Every line of the listing should be retyped exactly, but none of the pictures should be.

#### [Supplied data]
_ _ _

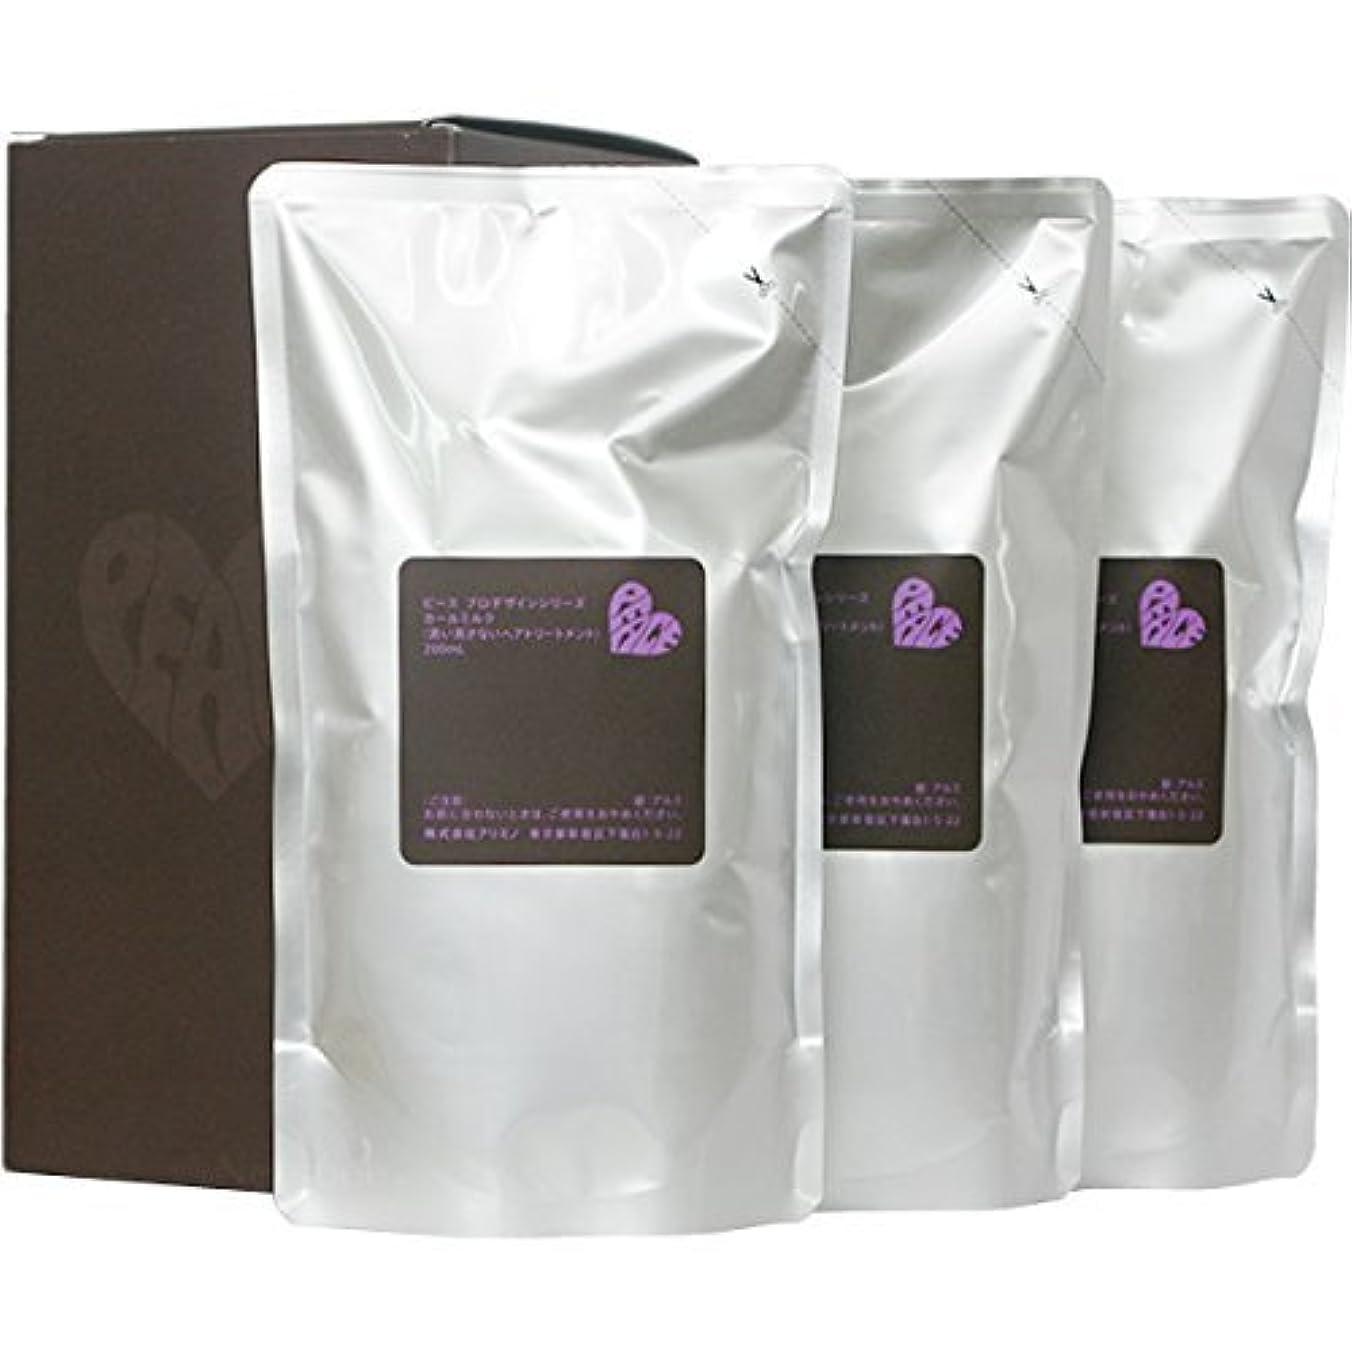 マルコポーロ活性化ハリケーンピース プロデザインシリーズ カールミルク チョコ リフィル 200ml×3
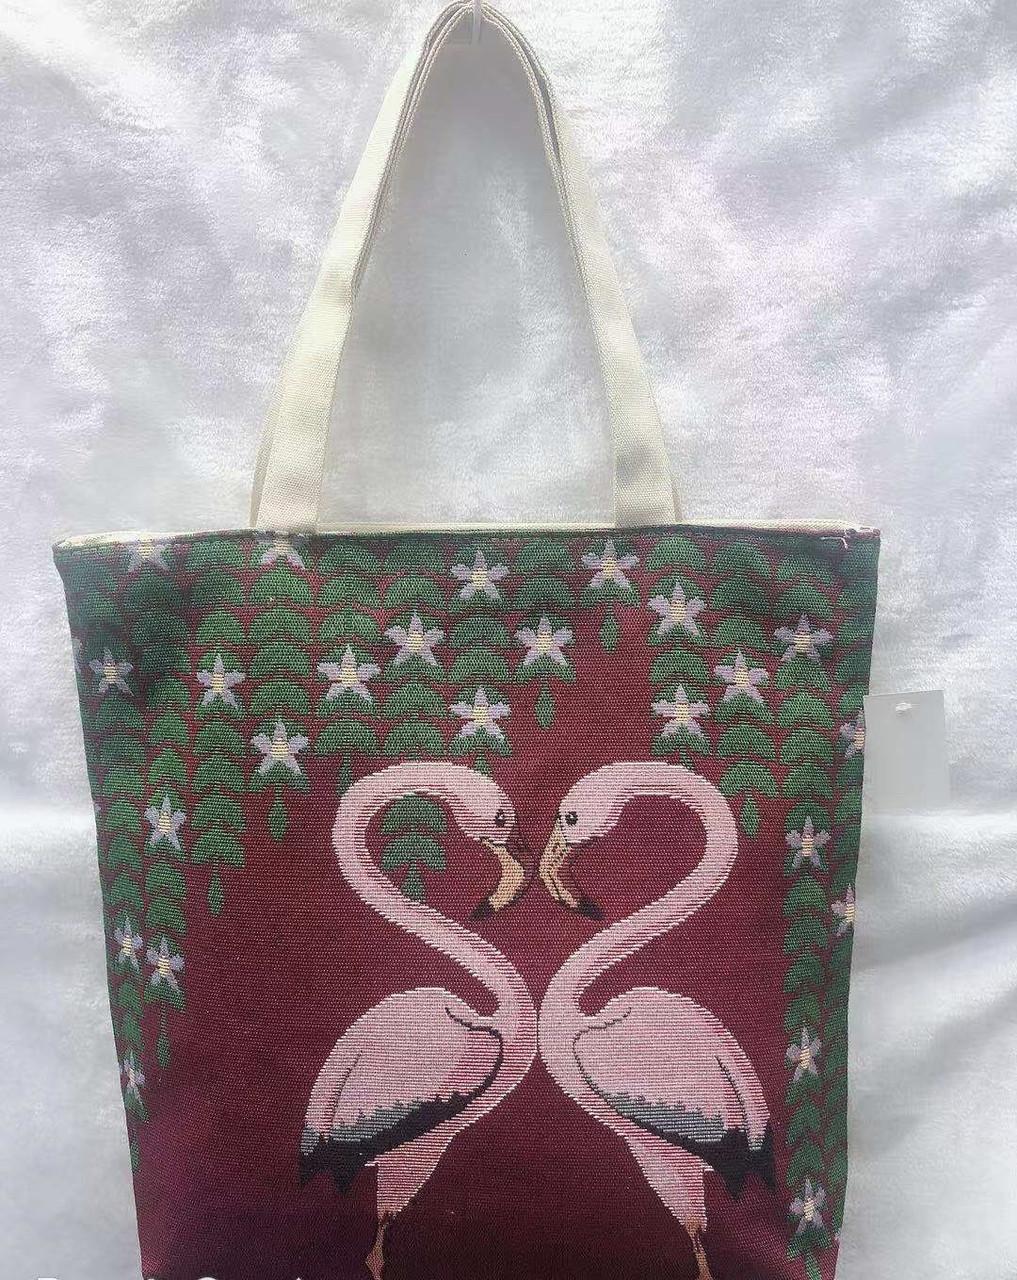 313b6ab4701d Пляжная сумка Влюбленные фламинго, цена 190 грн., купить в Одессе ...
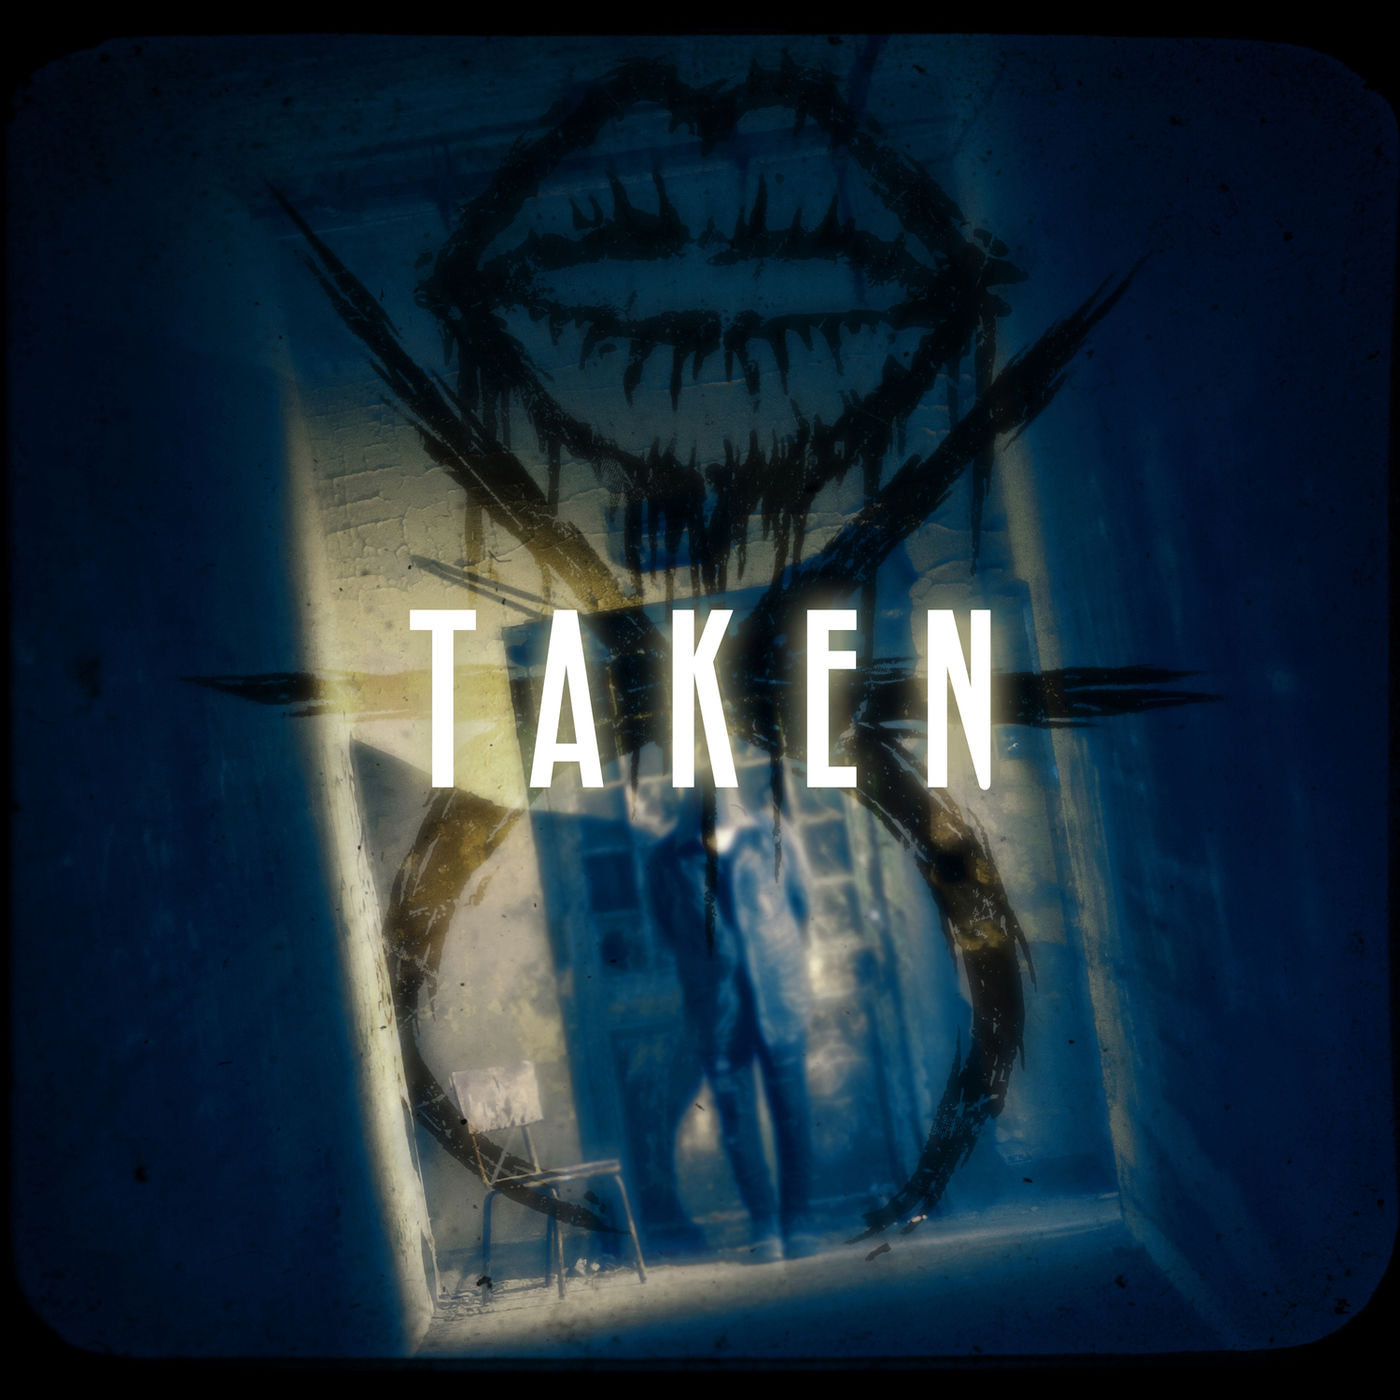 TAKEN - SINGLE (2016)   Victory Records   1. Taken

_ _ _

#### [Exercise result]
 マルコポーロ活性化ハリケーンピース プロデザインシリーズ カールミルク チョコ リフィル 200ml×3
 313b6ab4701d Пляжная сумка Влюбленные фламинго, цена 190 грн., купить в Одессе ...
 TAKEN - SINGLE (2016)   Victory Records   1. Taken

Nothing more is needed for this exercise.